BUS- Same goes for the bus. Italy has the dumbest concept of bus passes that I ever witnessed. You cannot use money on a bus. You need to buy a ticket at a Tobacco shop or a bus station. It gets better…upon entering the bus via a door in the middle of the vehicle, you are supposed to punch the ticket into a machine that time-stamps the ticket, to make the ticket unusable for future rides. By placing the machine away from the driver, people just pretend to punch it and can use the same ticket over and over again. Sorry Italian government, in a country where upwards of 30% of your residents don’t even pay their taxes, you’re just begging for it.

RULES-Everyone does pretty much whatever they want. Driving like they have blindfolds on, smoking in restaurants next to small children, graffiti is EVERYWHERE- You wanna graffiti that 2,000 year old wall that was so perfectly engineered that it’s stood strong, against all odds? Sure, do it Giacomo. God knows we need some kind of morphing between Italian and English curse words in hot pink bubble font. You’re so edgy!

SAVING THE PLANET- Italy doesn’t really dig this concept and it shows in their lack of recycling receptacles and their penchant for littering. I am sure many Italians would think it’s hilarious to know that there is an American out there calling them decadent and wasteful, considering you could fit 4 of their cars inside one of our SUVs, but there ya go, I said it! Italy also has a huge tourist population of Germans and Swiss Germans, who are known to be a very logical, level-headed people who see the efficiency behind recycling and oh, I dunno, not ruining the freaking earth. I’m surprised they haven’t started beating them with their weird German hiking sticks.

TOILETS- Italy’s got em, and if you want ‘em, you better pay up. This actually doesn’t bother me one bit, because it makes you feel a touch better about going into a public restroom since they always have an employee there and a lack of guys talking to the 10 people that live in their head. There are a few unattended free restrooms, and it’s a straight up hole in the ground. Picture a BathFitter material on the ground, with a whole in the center. Well, you hover and do your best to aim well. You then shiver with fear of what kind of illness you are collecting on your sneakers.
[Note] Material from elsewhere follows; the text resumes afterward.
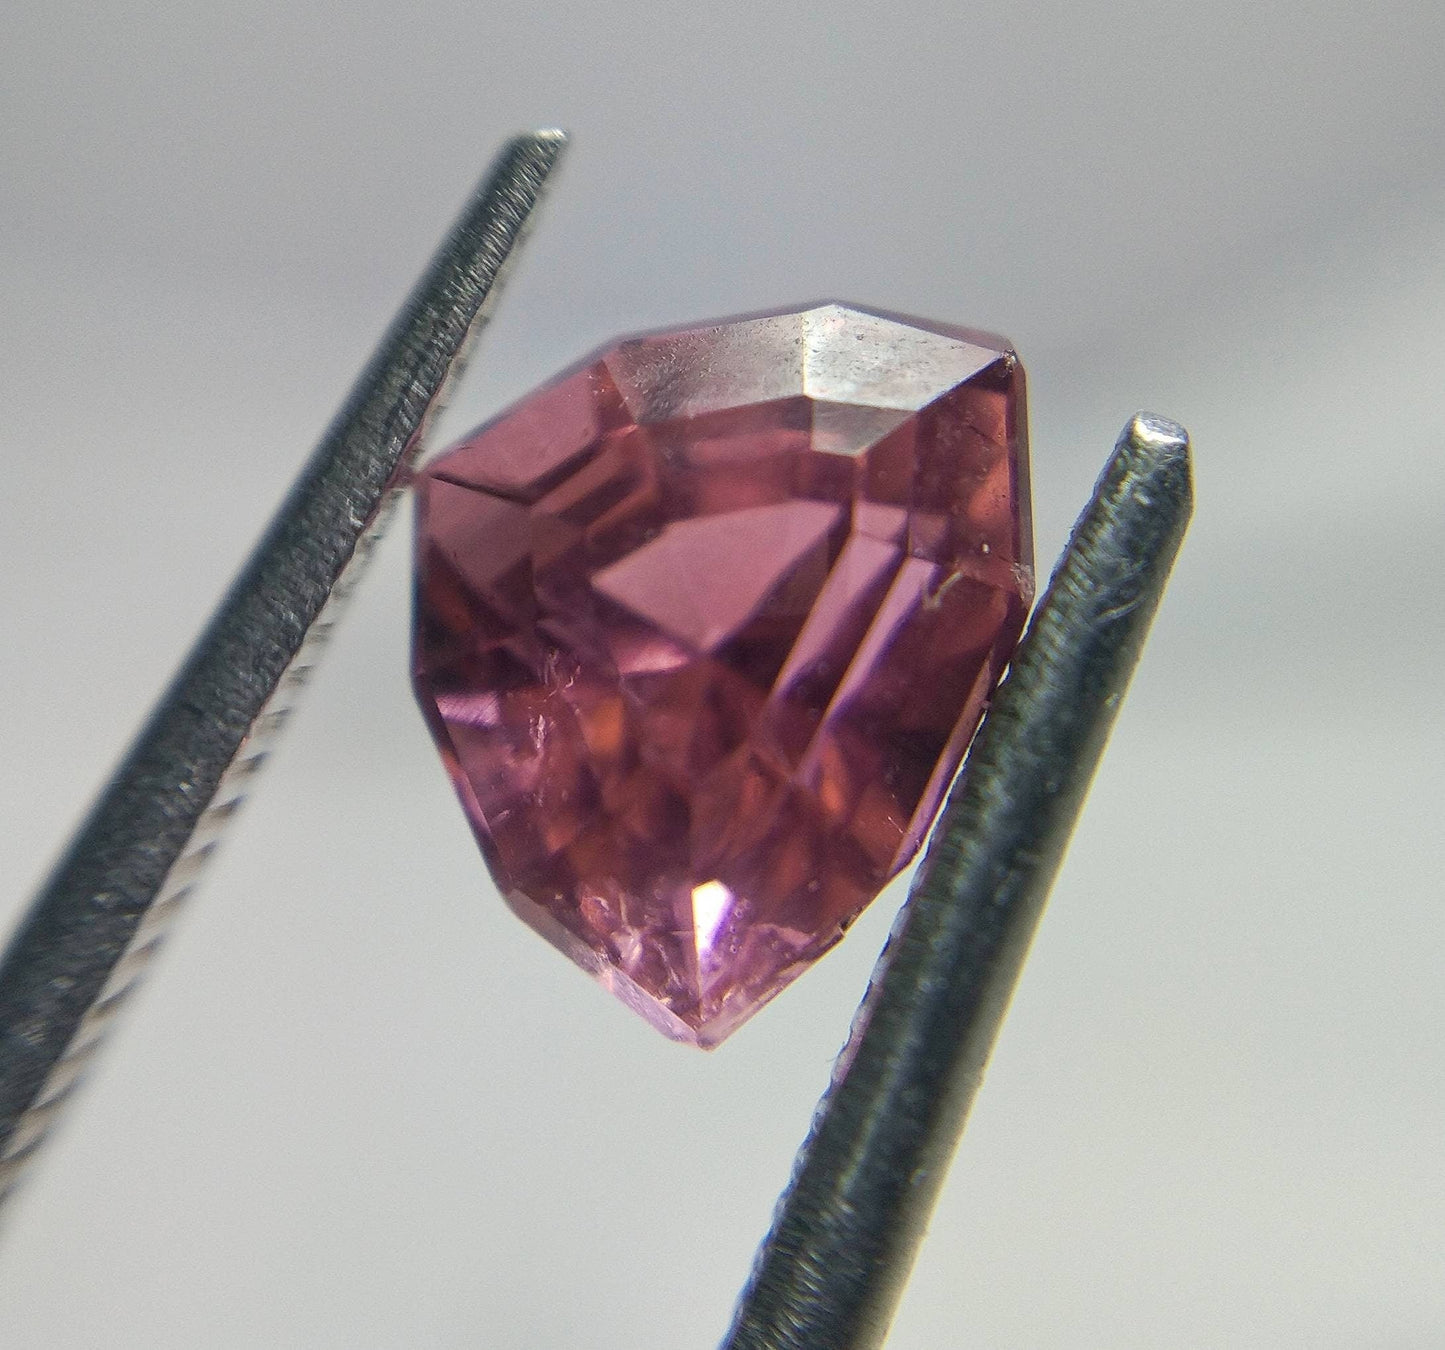 ARSAA GEMS AND MINERALSNatural top quality beautiful 7.5 carats SI clarity faceted trillion shapes pink rubellite gems - Premium  from ARSAA GEMS AND MINERALS - Just $40.00! Shop now at ARSAA GEMS AND MINERALS

RESTAURANTS- When you arrive, you get a menu. They won’t come back for about 10 minutes, at which point you order everything you’re going to want for the meal. There’s no “bevving” the tables, and then coming back for the order. I think their system is a win/win. I don’t want to get too attached to you Paulo, so let’s keep our exchange to a minimum for the sake of my heart. Also, when you’re done eating, they consider it rude to give you the check unless you ask for it. Everyone’s had that night when you’re enjoying that last drink, the place isn’t waiting for others to sit down, but for some reason as soon as that check arrives you feel obligated to leave soon thereafter. Not in Italy. You take your damn sweet time.

ROOM TEMPERATURE- I don’t really believe in freezing to death indoors when it’s 90 degrees outside. If it’s summer time and I am putting a sweater on while indoors, it’s set too low. So, I appreciated Italy’s indoor climate setting set at a very temperate level. Just something bearable. Speaking of bearable, this brings me to my last observation…

DEODORANT- So, Europeans shower. They bathe themselves, and even have a special cleansing mechanism that Americans don’t even have for after you use the bathroom. So then, why, WHY is it so freaking hard for you to swipe on a bit of Deodorant? I’ve had people tell me that apparently they think it’s sexy or something to have your natural odor flowing. Um, sexy for who? The black bears living the woods that can smell you from here? And what’s even the point if you’re going to cover it up with a pint of cologne?

1 comment:

  1. I really liked this post. It was both hilarious and a good portrayal of the European way as seen through the eyes of an American.

    I especially like your use of "Giacomo".